Posted Dec 7, 2012 12:05 UTC (Fri) by man_ls (subscriber, #15091) [Link]

So that is how a kernel dev takes vacation, by writing userspace code... Beware of getting all soft inside. I hear that your testosterone lowers just by looking at non-C code. C++, Bash, or perhaps even Lisp may be tolerable. But if it's anything like Python, JavaScript, Lua, Perl... bwargh!

Sexism ?

Posted Jan 18, 2013 11:13 UTC (Fri) by meuh (subscriber, #22042) [Link]

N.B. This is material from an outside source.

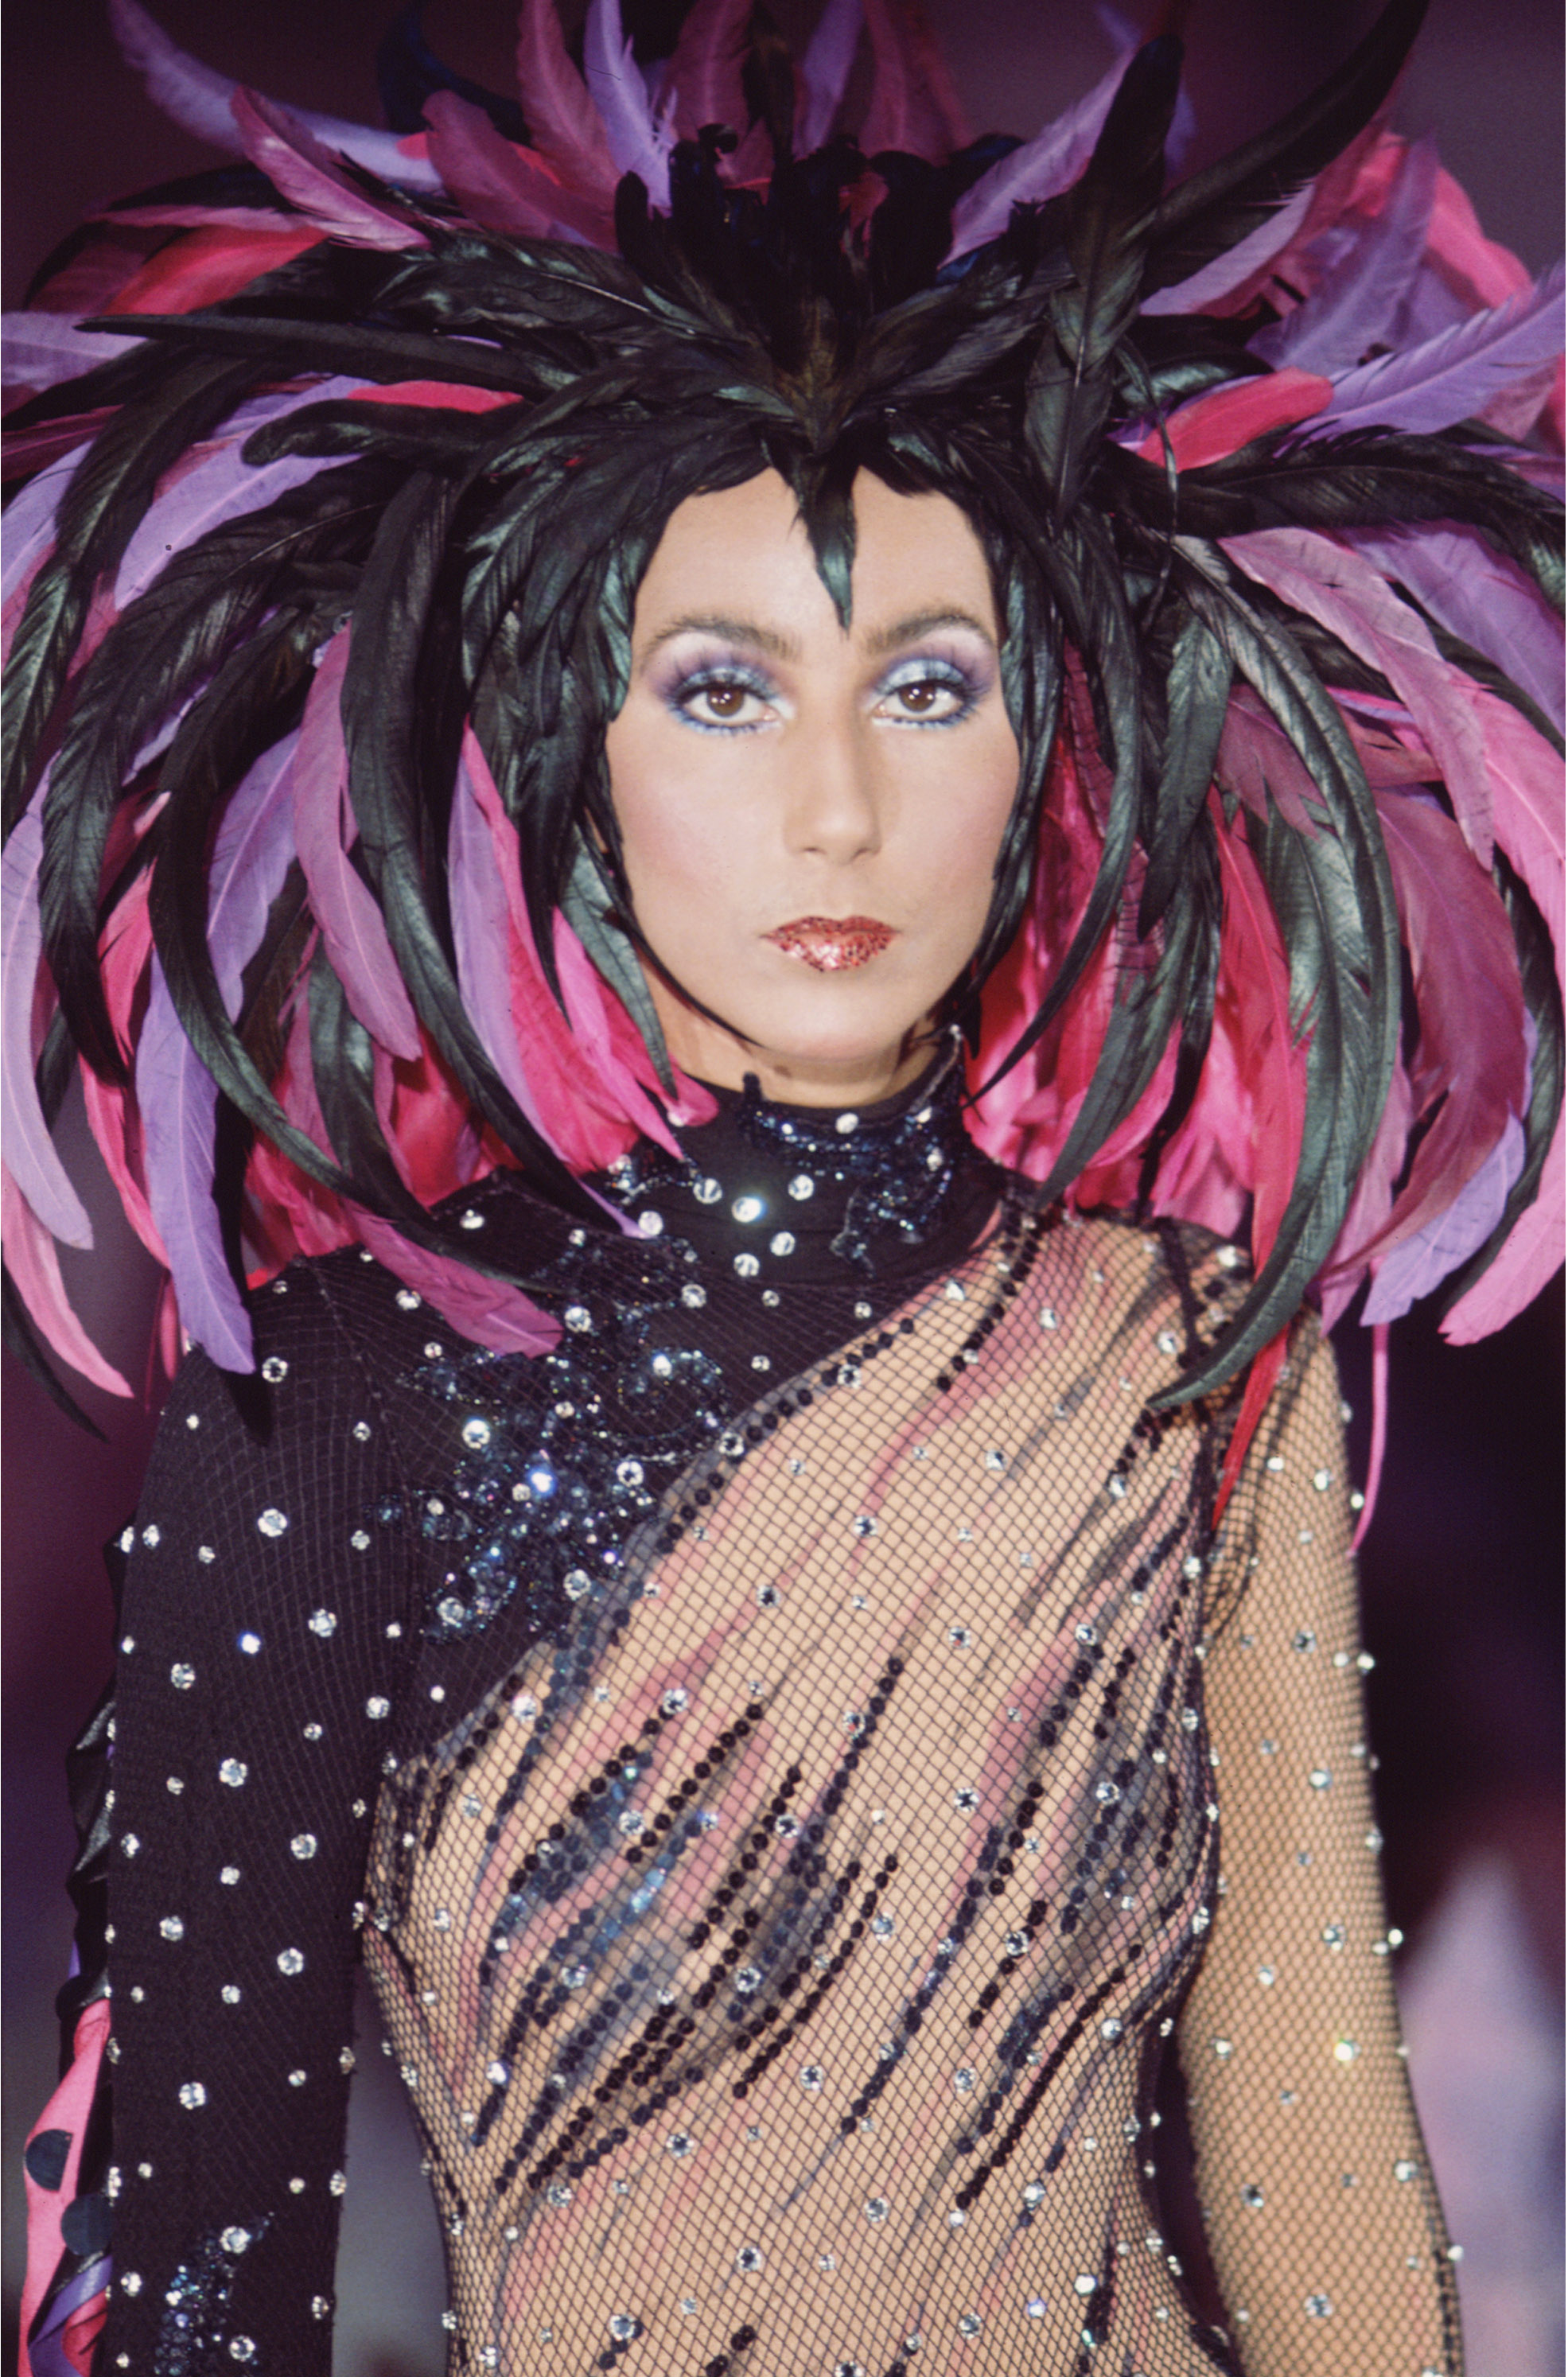 Promotional portrait of American singer and actress Cher (born Cherilyn Sarkisian LaPiere) in a semi-transparent outfit with a feathered headdress for the television variety show 'The Sonny and Cher Comedy Hour,' 1972. (Photo by CBS Photo Archive/Getty Images)
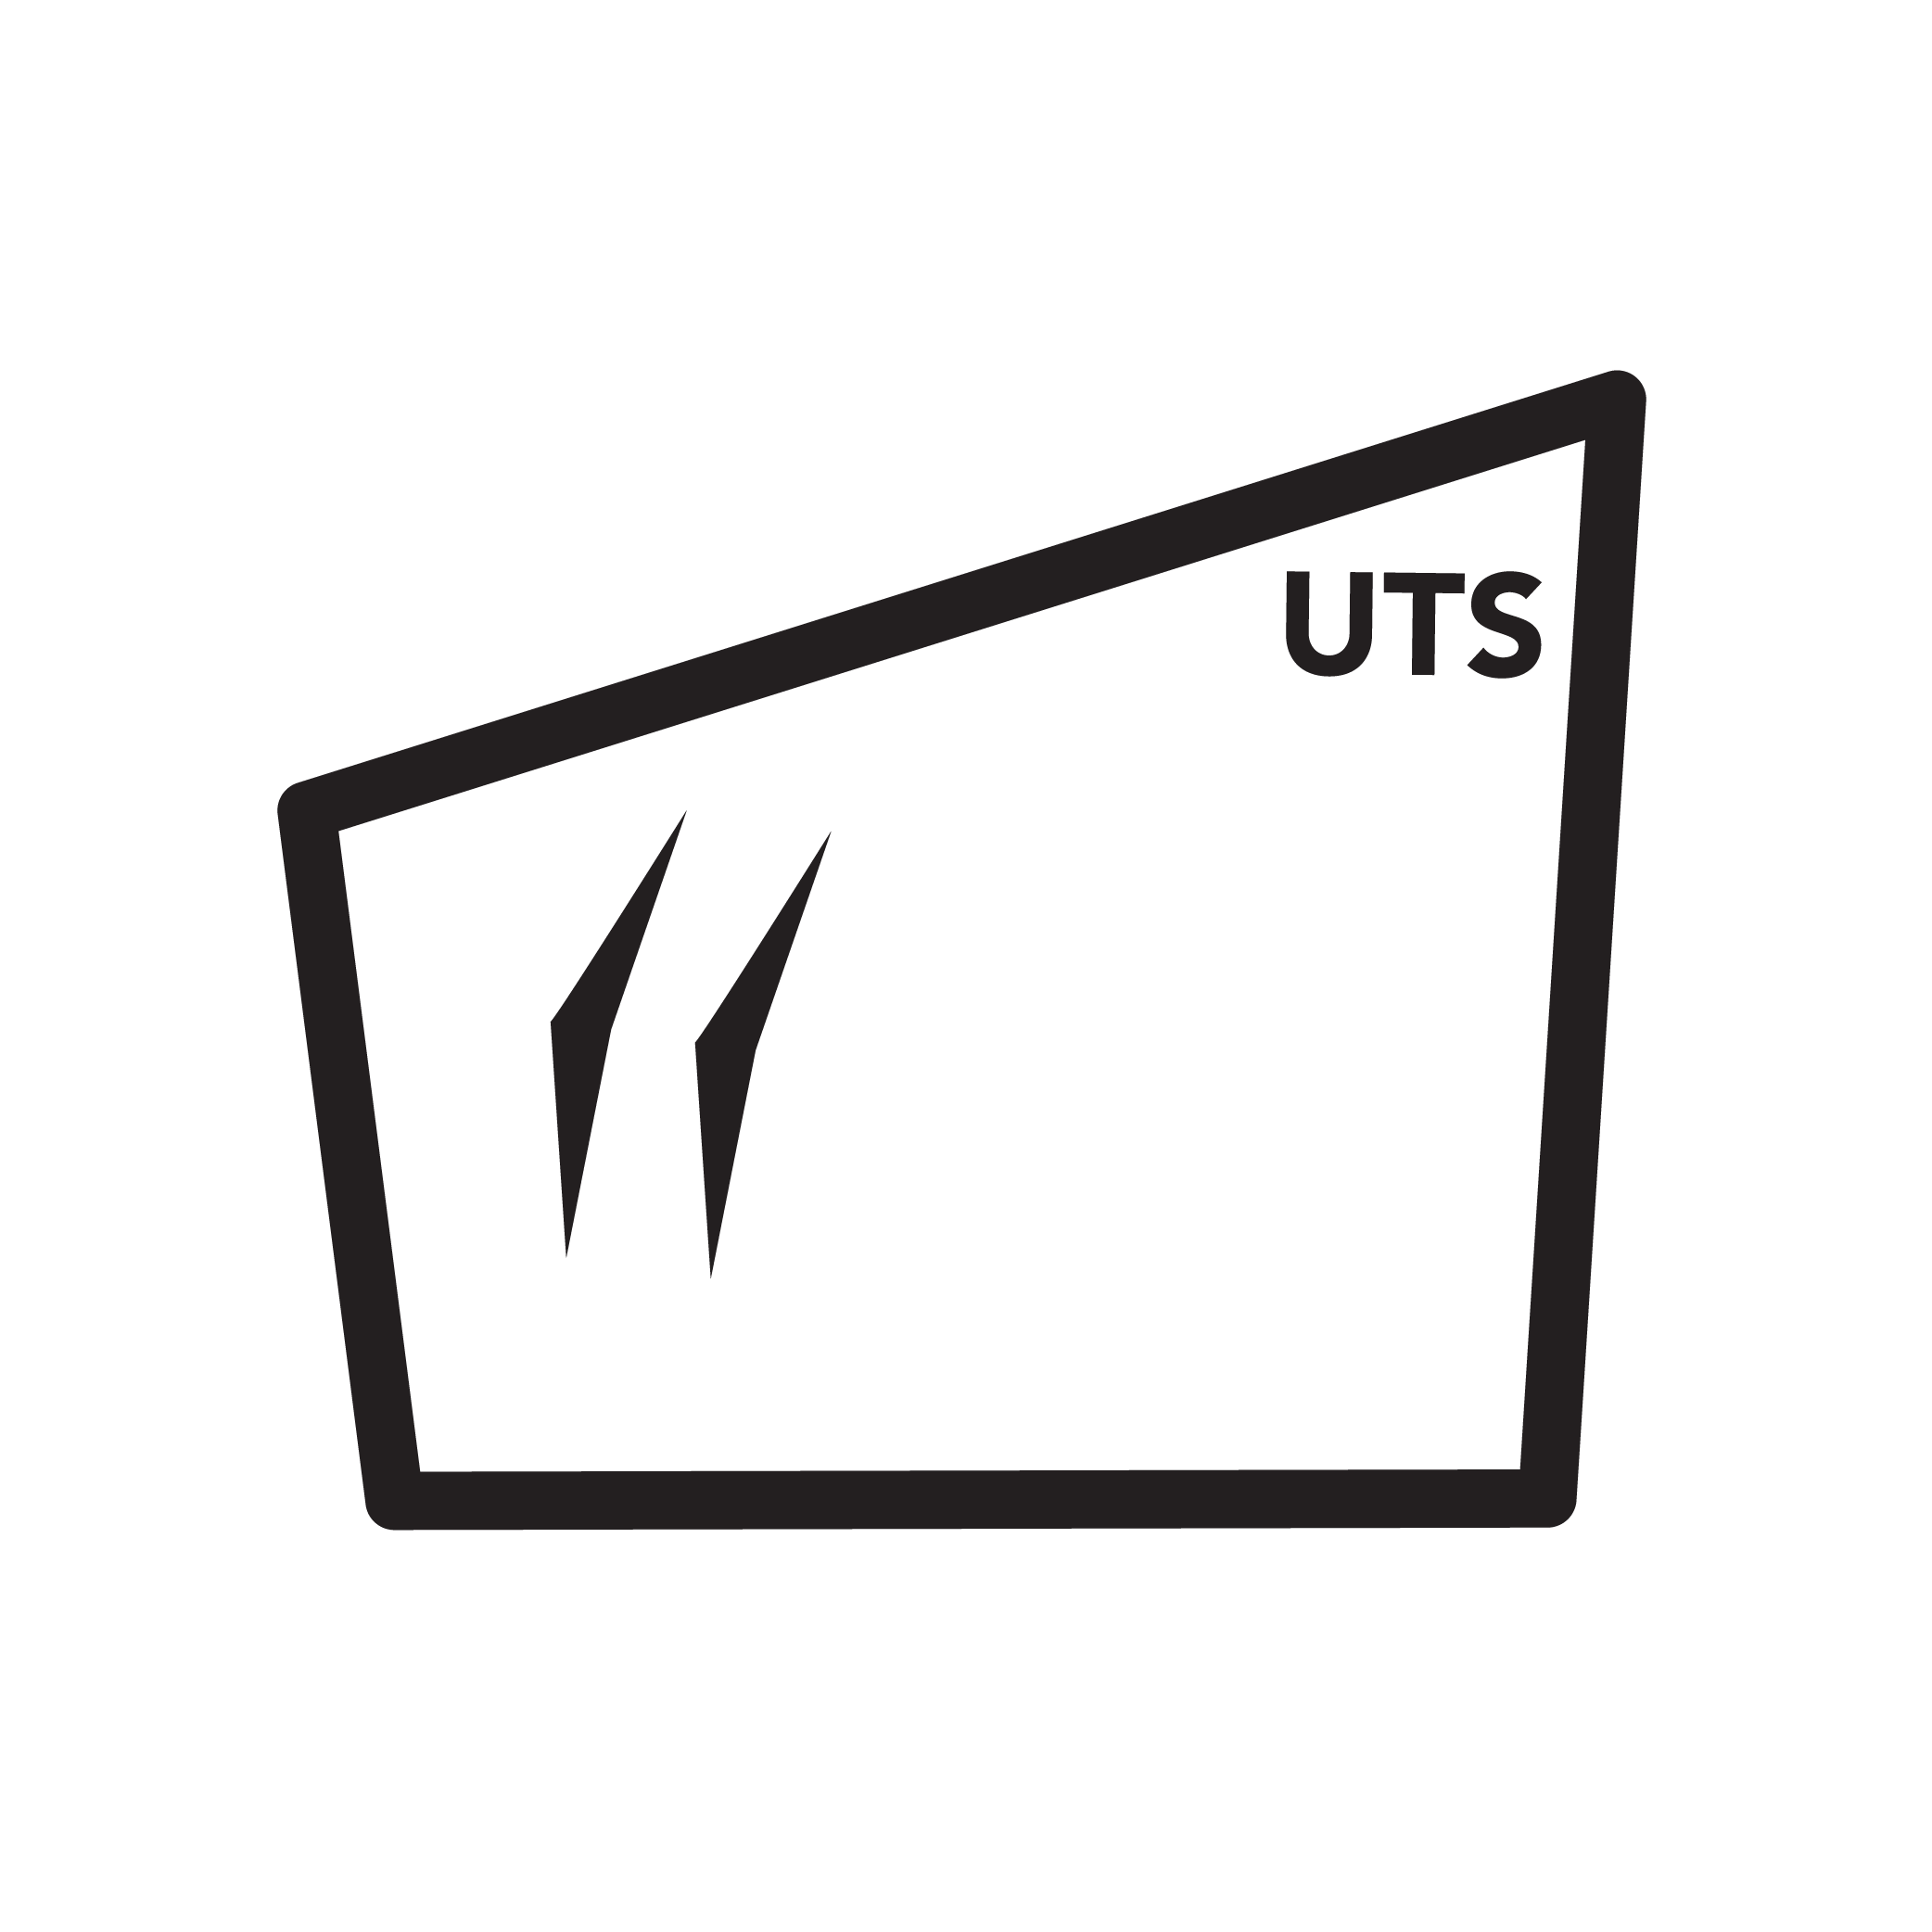 Part of UTS

What's the relation between "testosterone" and development or programming language. You're excluding women.

Sexism ?

Posted Jan 18, 2013 12:06 UTC (Fri) by micka (subscriber, #38720) [Link]

Testosterone is also secreted by women.

Yes, and very blatant at that

Posted Jan 19, 2013 0:28 UTC (Sat) by man_ls (subscriber, #15091) [Link]

There are sadly very few female kernel developers. While the percentage of women in engineering classes and jobs is around 10% [*], by what I can judge from kernel summit pictures the proportion of kernel devs is rather around 1%. Perhaps the lower proportions of testosterone in women explains why they don't code so much in C [**]. I know for a fact that I have come more in touch with my feminine side after extended periods coding in Python and JavaScript, although I have not tested my estrogen levels to see if there are morphological changes involved.

[*] These figures only apply to countries and times where there is not a barrier for high education for females, as evidenced e.g. by the abundance of women lawyers and doctors.

[**] This is a joke, people! I have had the luck to work with several female C developers who did a splendid job.